Feel free to close this PR, as may changes are only half of the cake anyways.

This PR isn’t useless and shouldn’t be closed. It includes the relevant tests and for its implementation we noticed it isn’t optimal yet so we keep on improving it until we are fine with it. That’s part of the PR. They aren’t always perfect from the start. So thank you @Thorongil80 for providing the PR and improving it :)

We will get there :)

@FedericoBruzzone
Copy link

FedericoBruzzone commented Apr 25, 2024

Hello guys.
I'm working on a tui for telegram (link), and I came across this problem and so I was preparing a PR.
Now, having seen this discussion, I am pointing to @Thorongil80 's repository from cargo, waiting for a new release with this problem solved.

I can confirm that unicode characters of length 1 and 2 work.

@EdJoPaTo
Copy link
Member

I played around with the mentioned crate and added a center alignment truncation which should be able to solve this. We could also integrate this into ratatui, but I think having this as a dedicated crate is also a good idea. Also, gitui seems to depend on it already.

Ratatui would only need to apply this to each of the spans then.

I am also interested in reviews over there at my PR when anyone is interested. Got merged already.

and it got released with unicode-truncate 1.0.0: https://github.com/Aetf/unicode-truncate/releases/tag/v1.0.0

@Thorongil80
Copy link
Author

Mother of christ, pushing runs the whole test suite.. Nice ;-)

@Thorongil80
Copy link
Author

Thorongil80 commented Apr 29, 2024

Hi folks,

I exchanged the lines with calls to unicode_truncate() and unicode_truncate_start() from the unicode_truncate crate.

I note there is no function unicode_truncate_range() or something that cuts at the start and the end. So in the last loop iteration, where our offset and span length traverse output_width two calls are necessary. But this is only in one loop iteration, it breaks the loop afterwards.

The convenient functions @EdJoPaTo added over there for truncating in alignment we cannot really use as we still have to deal with spans.

The code determining the offset relative to alignment is using widths calculated already by unicode_width functions.

I don't know if some comments would help in this code, it takes some time to understand.

Cheers,
Thomas

Copy link
Member

@joshka joshka left a comment

Choose a reason for hiding this comment

The reason will be displayed to describe this comment to others. Learn more.

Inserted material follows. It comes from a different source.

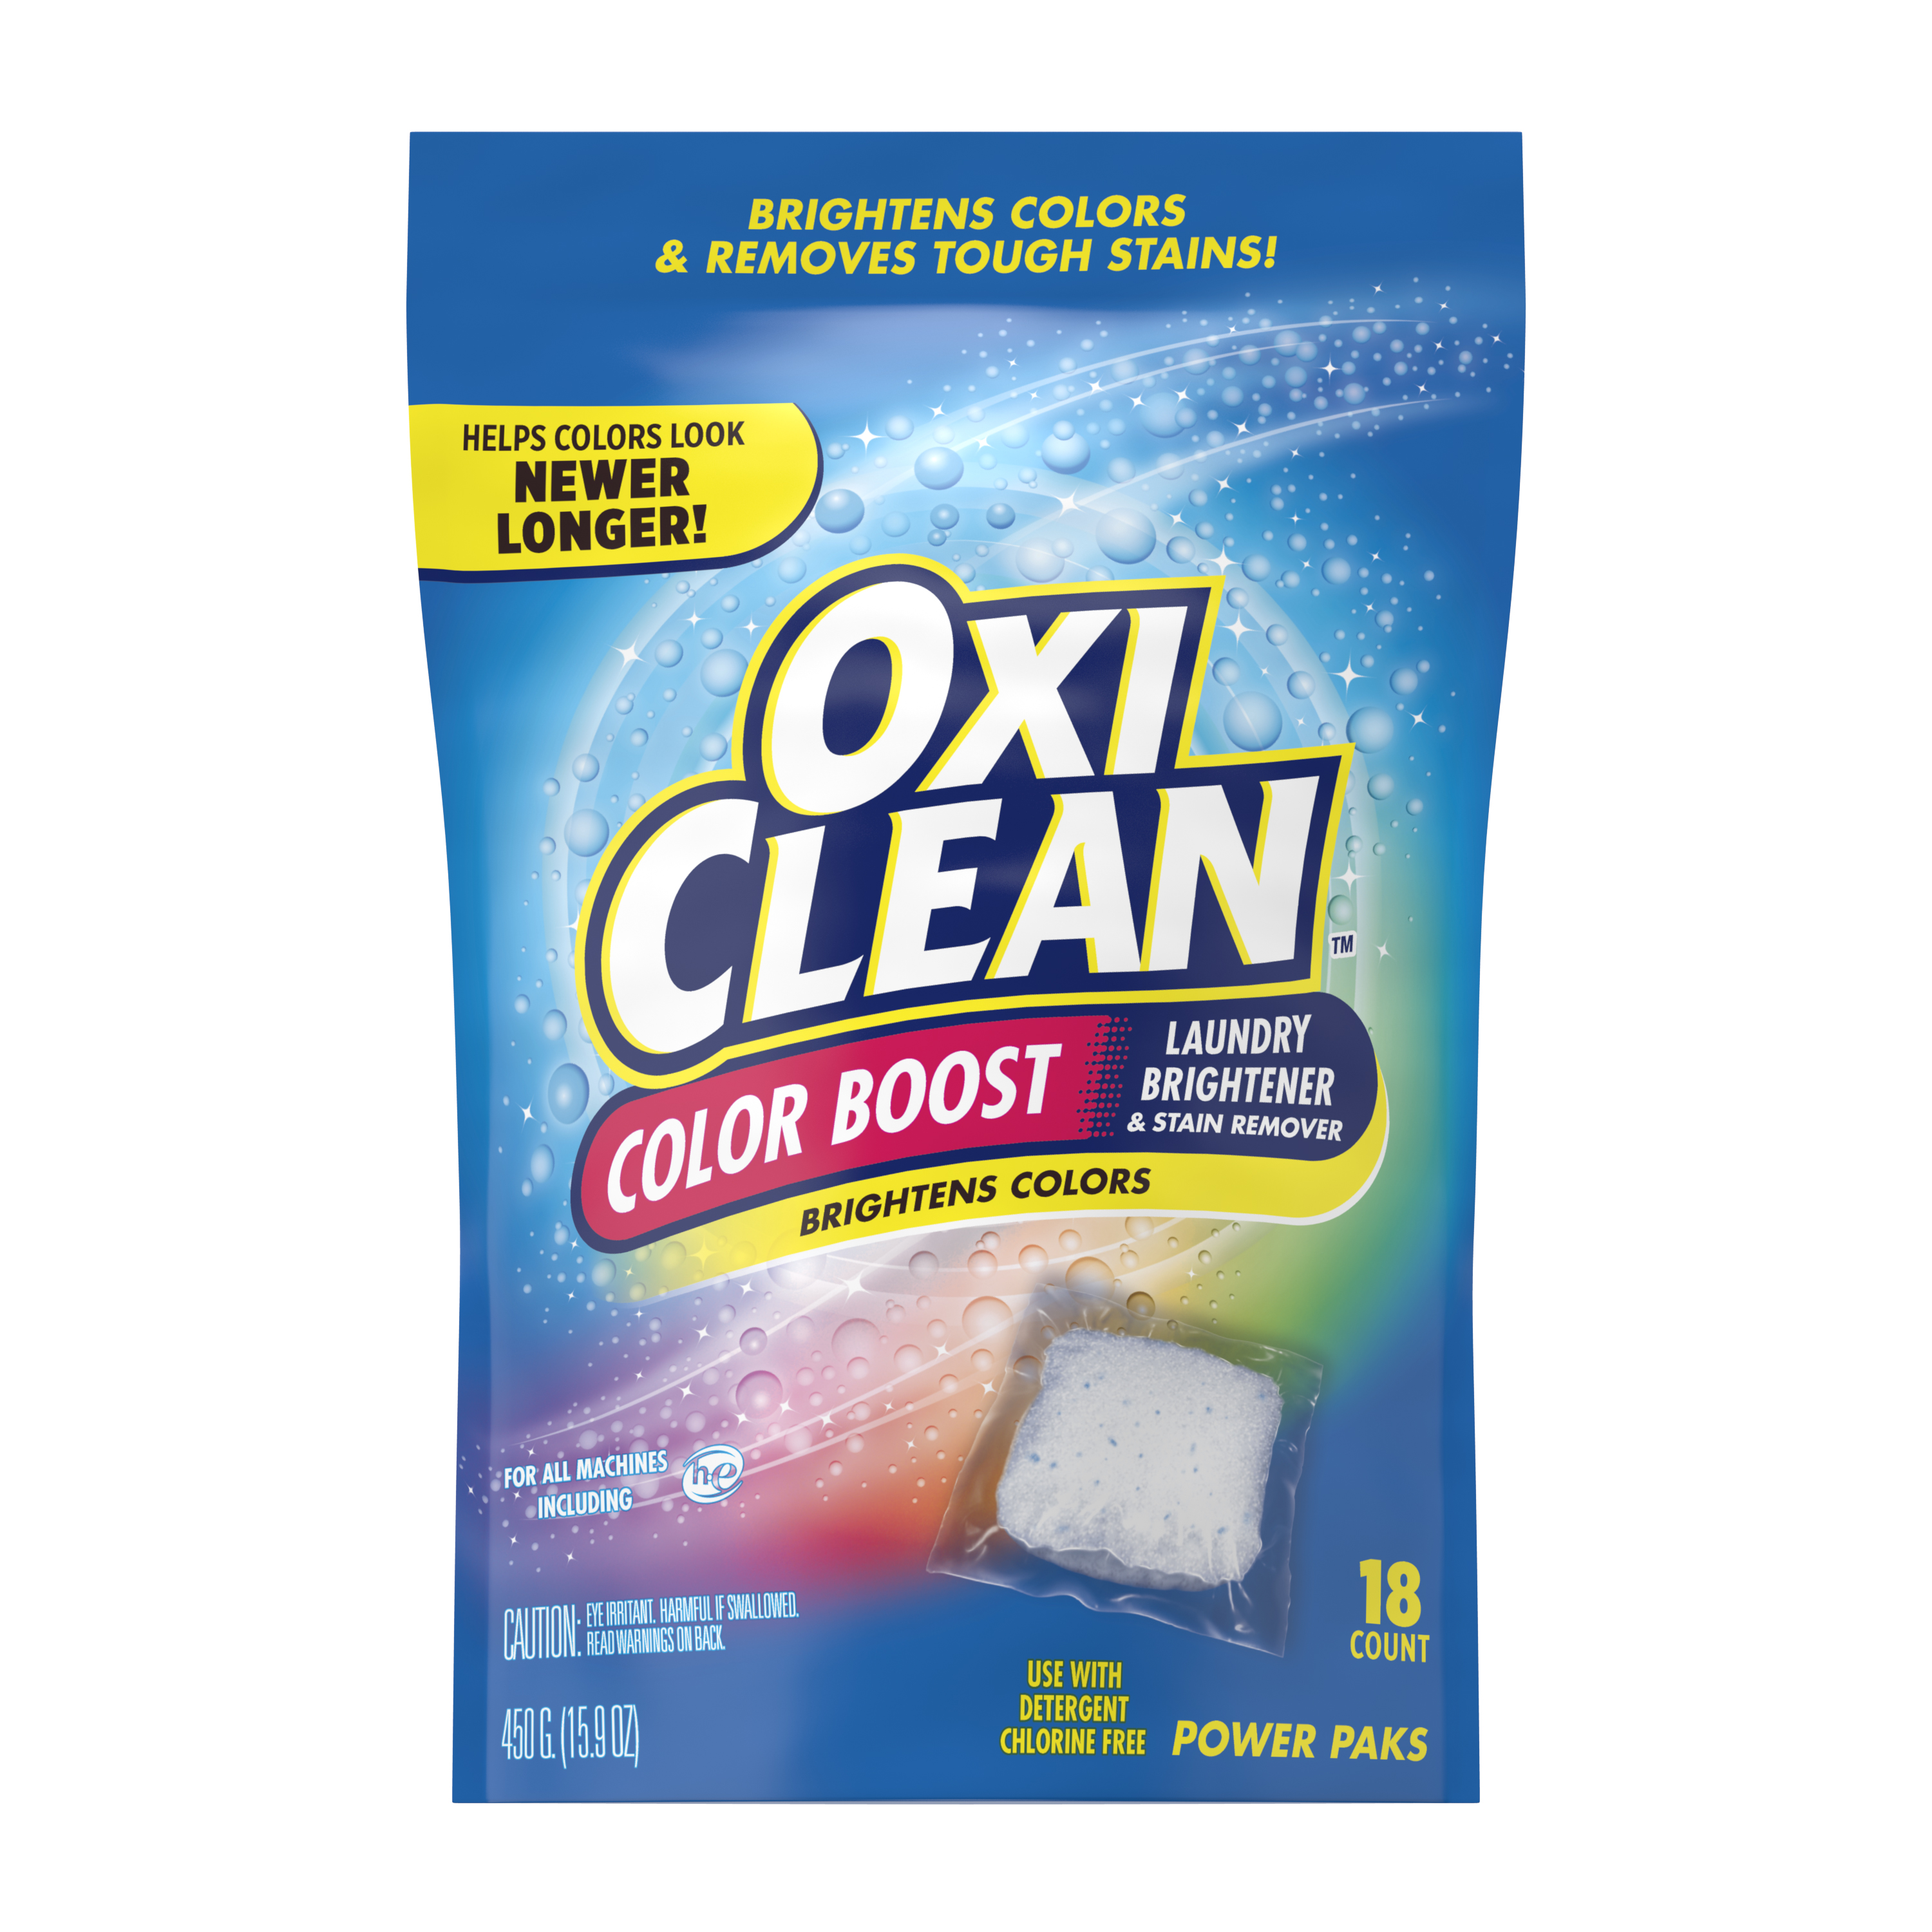 OxiClean, Color Boost Brightener + Stain Remover 18 ct Paks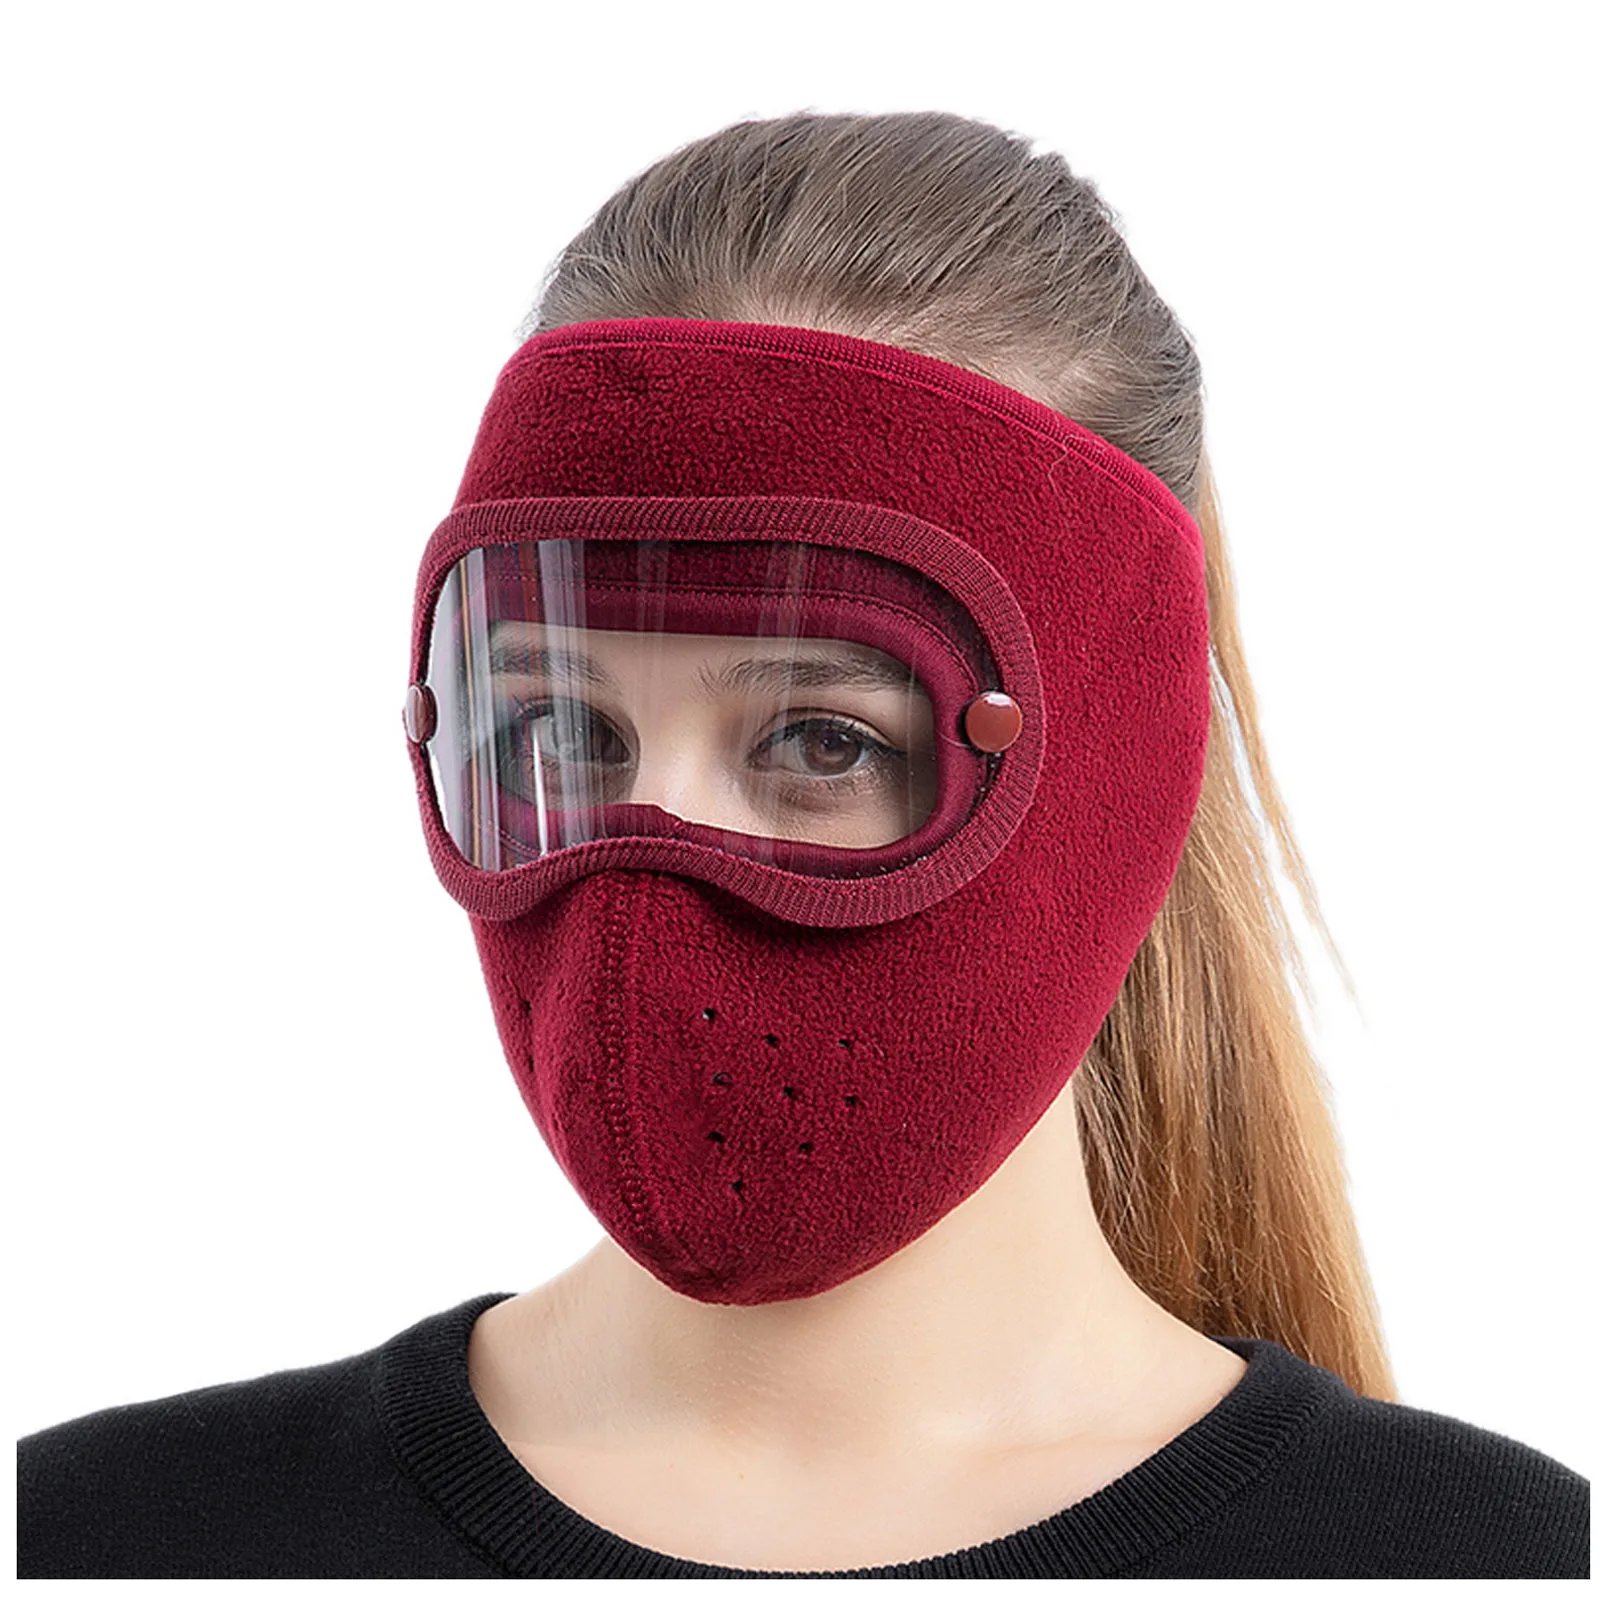 Winter Windproof Anti Dust Full Face Mask Cycling Ski Breathable Masks High Definition Anti Fog Goggles Hood Cover

Without more context, it's difficult to understand what the tests are actually testing. What is even / odd? Why is it relevant to the tests? What specifically about utf8 is being tested here? I sort of understand the intent from the PR / bug (take a string that has characters that don't fall on byte indexes and truncate it correctly). I'm not sure I follow how the tests test that though (there's a missing link that's not obvious). I'm certain someone looking at this code in a few years time wouldn't be able to discern the intent.

I'd suggest making the multi-byte characters more obvious / documented in the test - it's reasonable to test this with a single byte numeric characters for the positions that don't matter (12345x6789) and use a specifically known multi-byte character only in the test position (like the crab emoji in #1032).

Additionally, it's worth remembering that there's two things to check here that will both cause a panic:

  • If we're truncating 10 chars to fit in a buffer that is 4 characters wide, and one of those characters takes up two cells, what happens?
  • If we're truncating 10 characters to fit into a buffer that is 4 characters wide and the 4th character takes up two bytes, what happens?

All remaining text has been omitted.